How to Start a Love Affair with Audiobooks

I have carried on a 30+-year love affair with audiobooks, but I know many people who still either don’t like listening or insist that listening isn’t the same as reading. Here author Victoria Helen Stone explains how, after a rocky start, she came to appreciate audiobooks after learning how to listen to podcasts.

Fragmented Narratives Are Broken, Independent, and Honest

Sinéad Gleeson, author of the essay collection Constellations, discusses the nature of this collection, a series of essays that each stands on its own but that also work together to create a whole:

You can pick up an essay collection, read one, and then ditch the whole thing. It can be read in any order, anti-chronologically, and still fit together. The book’s title—Constellations—happened for a couple of reasons. I began thinking of objects that are whole but comprised of several distinct things. Each essay is a unit. They are autonomous entities in their own right, but are part of a larger framework.

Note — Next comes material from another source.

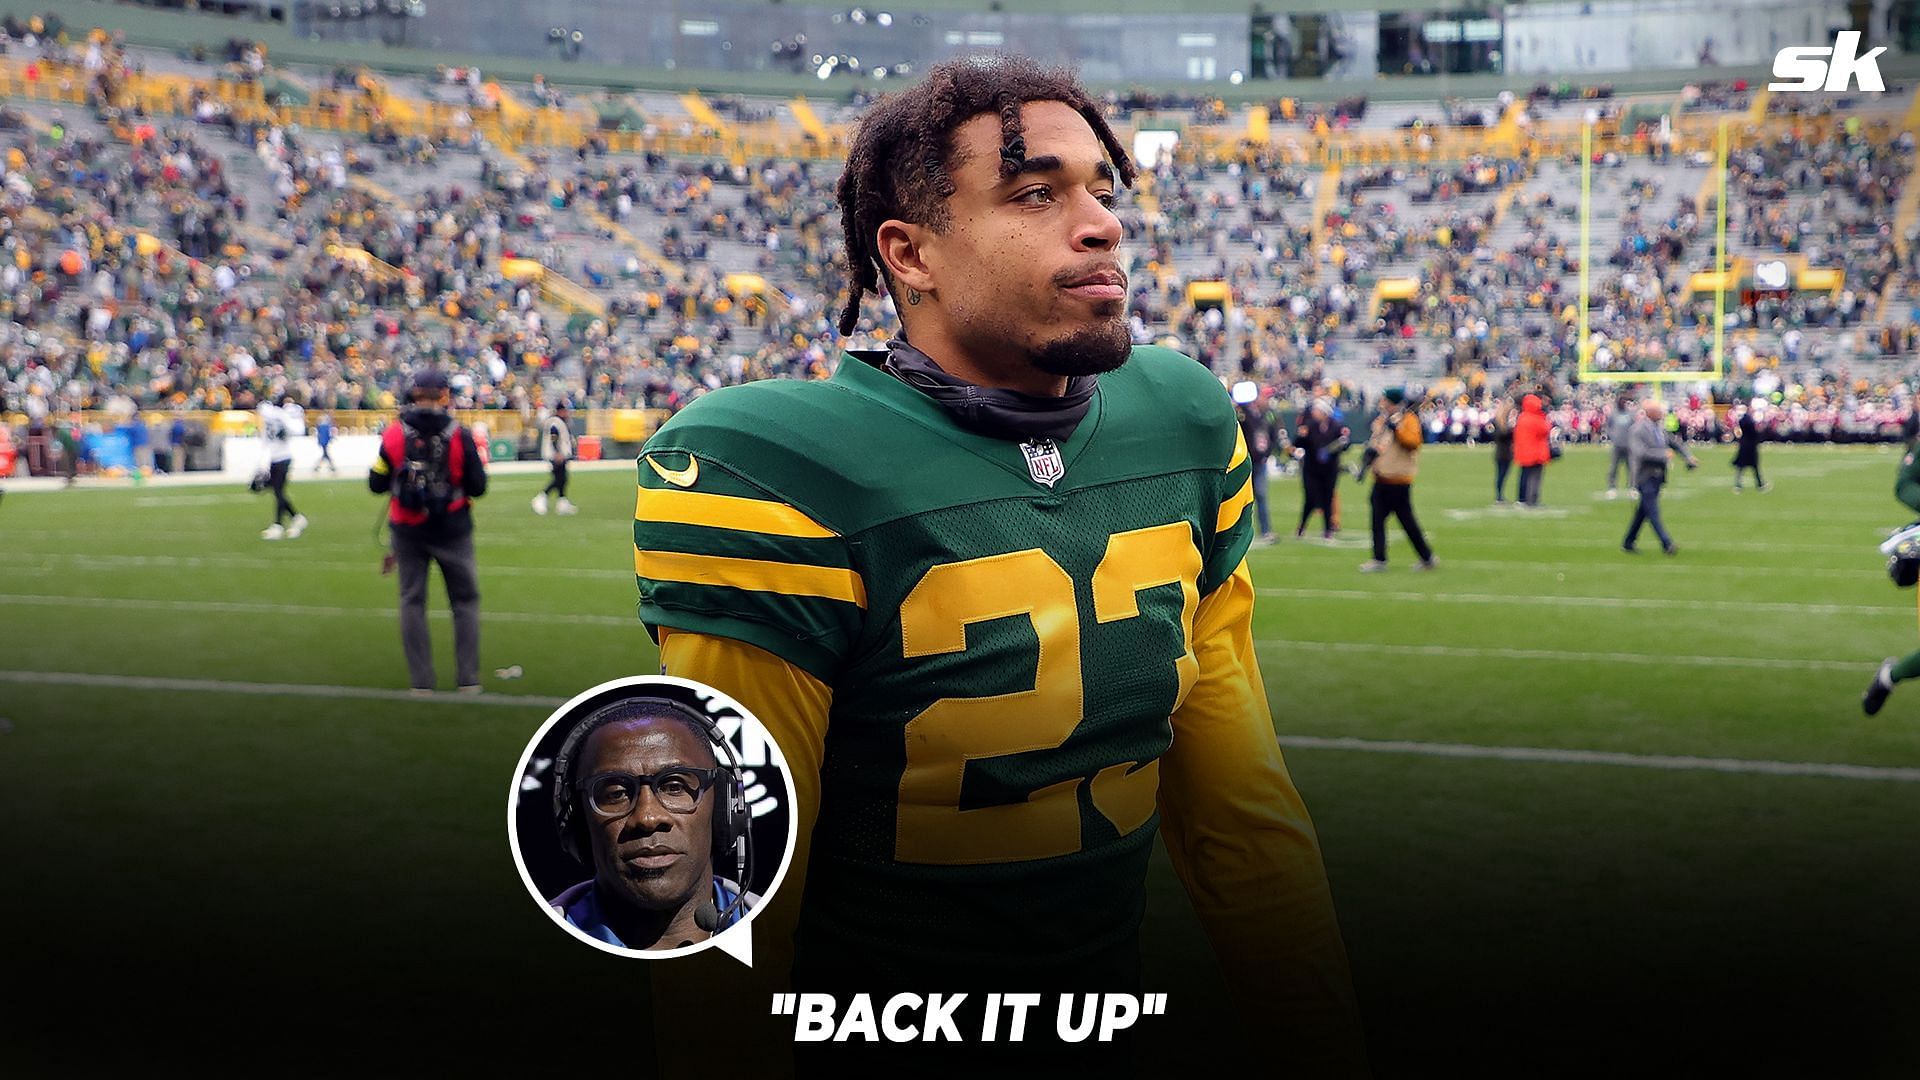 Shannon Sharpe responded to Jaire Alexander calling him out
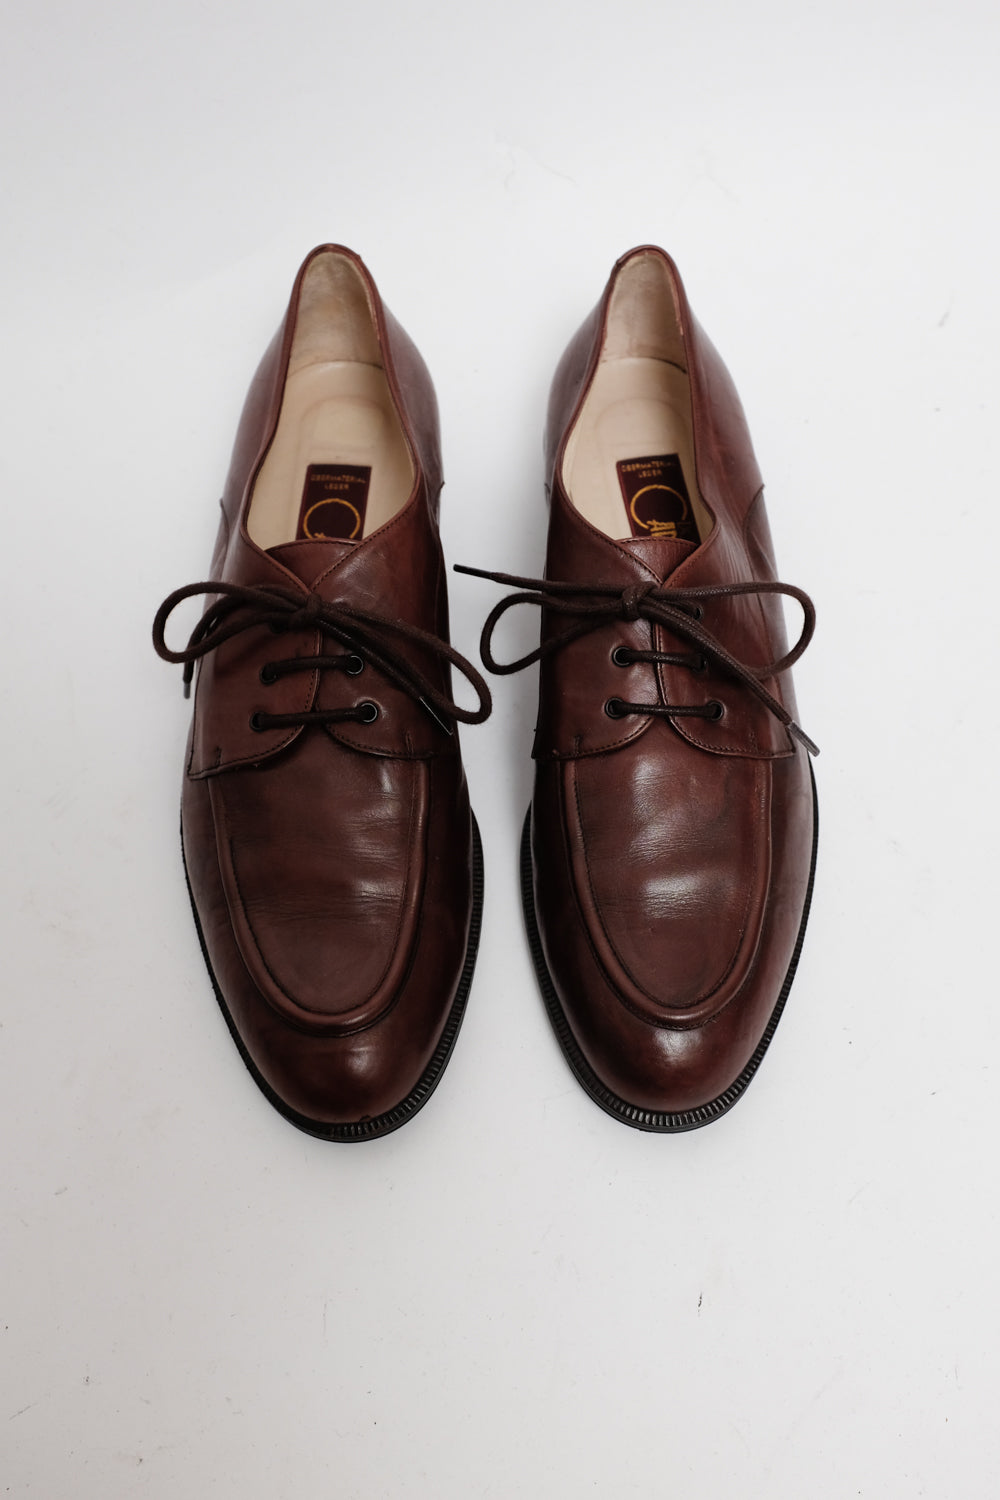 ITALY BROWN LEATHER LACE UP BROGUES 39,5

A constellation seemed like an obvious choice—especially because I loved astronomy as a kid, and spent a lot of timing seeking out Orion, Cassiopeia, The Big Dipper.

How to Help Librarians and Archivists From Your Living Room

If you’re looking for something constructive to occupy all this time you’re spending at home, Atlas Obscura has some suggestions:

IF TIME AT HOME HAS you missing life in the stacks or sifting through old papers in search of pieces of the past, fear not: You can do the same thing online. Slews of institutions are in the market for armchair archivists—volunteers who can generate knowledge by clicking through digitized resources, deciphering handwriting, tagging photos, and more.

What Our Contagion Fables Are Really About

“In the literature of pestilence, the greatest threat isn’t the loss of human life but the loss of what makes us human.”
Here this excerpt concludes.